# PROBLEM DETAILS
From the first line to the last, give the material again exactly, without the images.

# DATASET SECTION

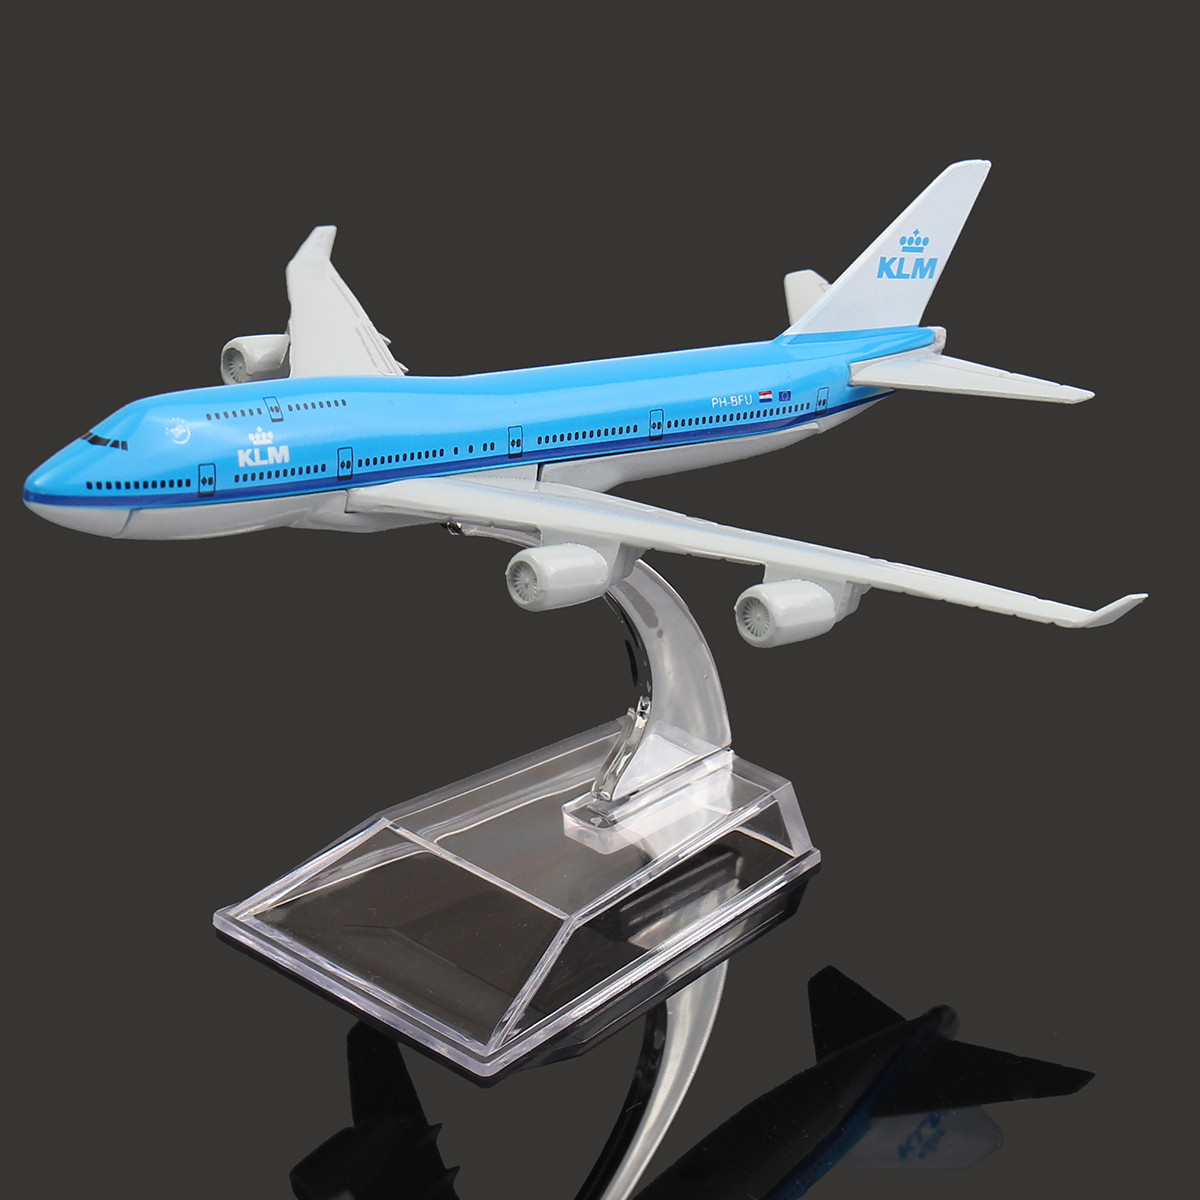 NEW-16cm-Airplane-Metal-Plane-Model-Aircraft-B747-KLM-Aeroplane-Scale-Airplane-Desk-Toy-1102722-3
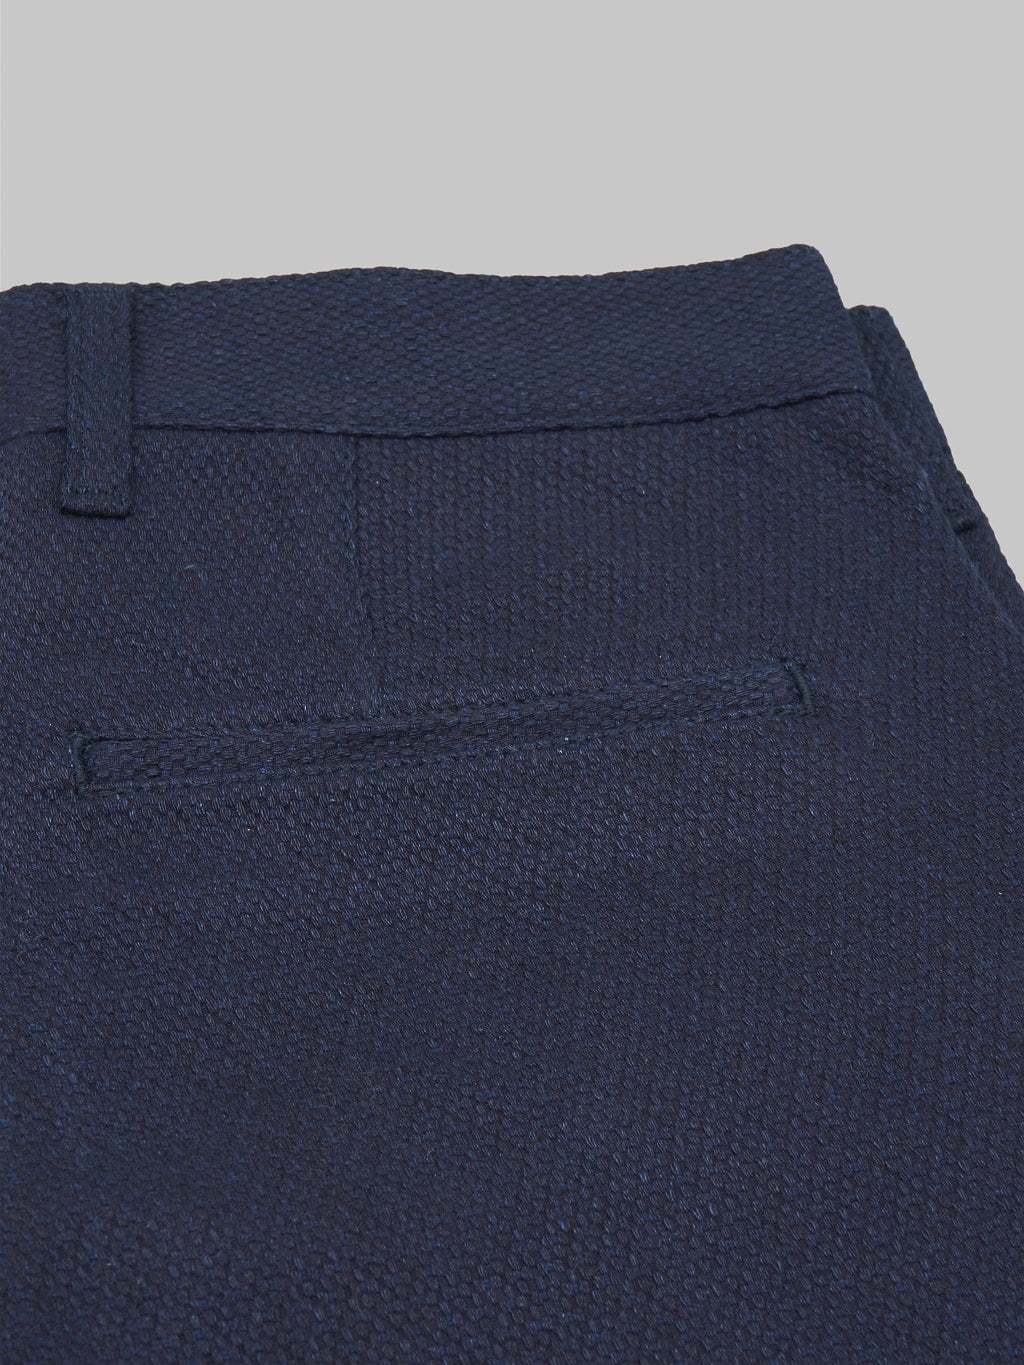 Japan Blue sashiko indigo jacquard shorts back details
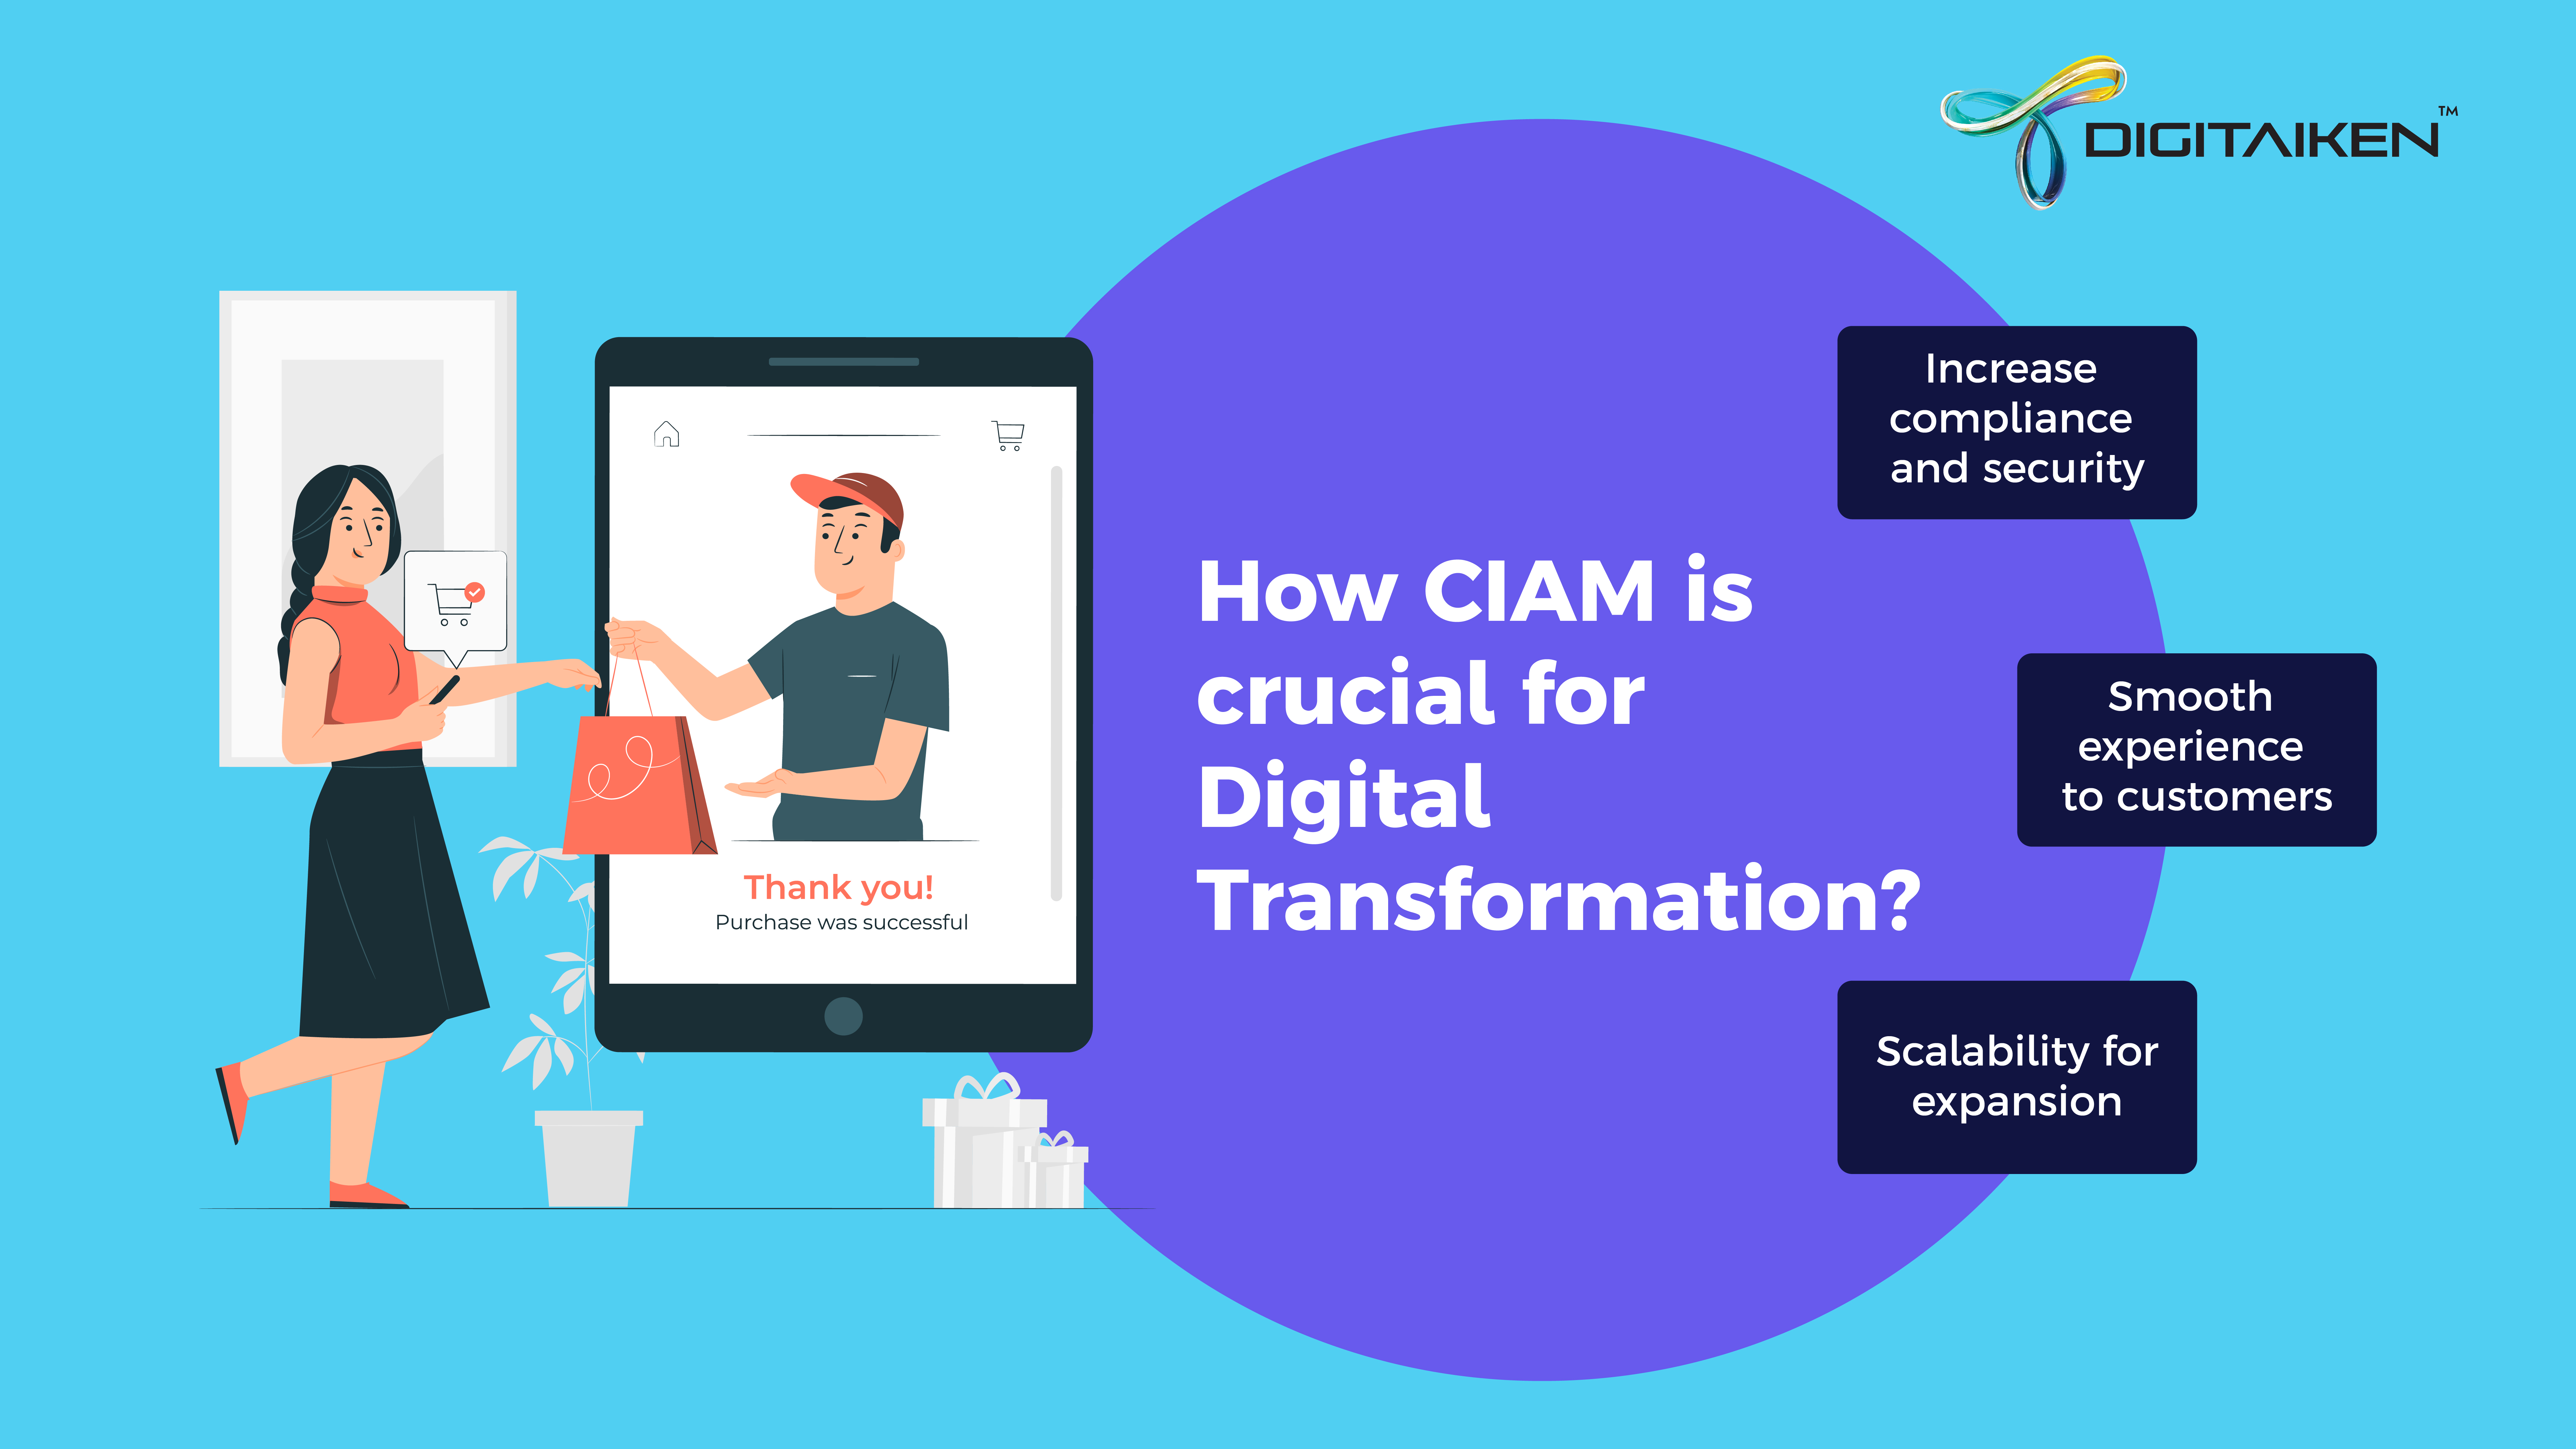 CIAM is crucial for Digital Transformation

# TASK SOLUTION
 NEW-16cm-Airplane-Metal-Plane-Model-Aircraft-B747-KLM-Aeroplane-Scale-Airplane-Desk-Toy-1102722-3
 Japan Blue sashiko indigo jacquard shorts back details
 CIAM is crucial for Digital Transformation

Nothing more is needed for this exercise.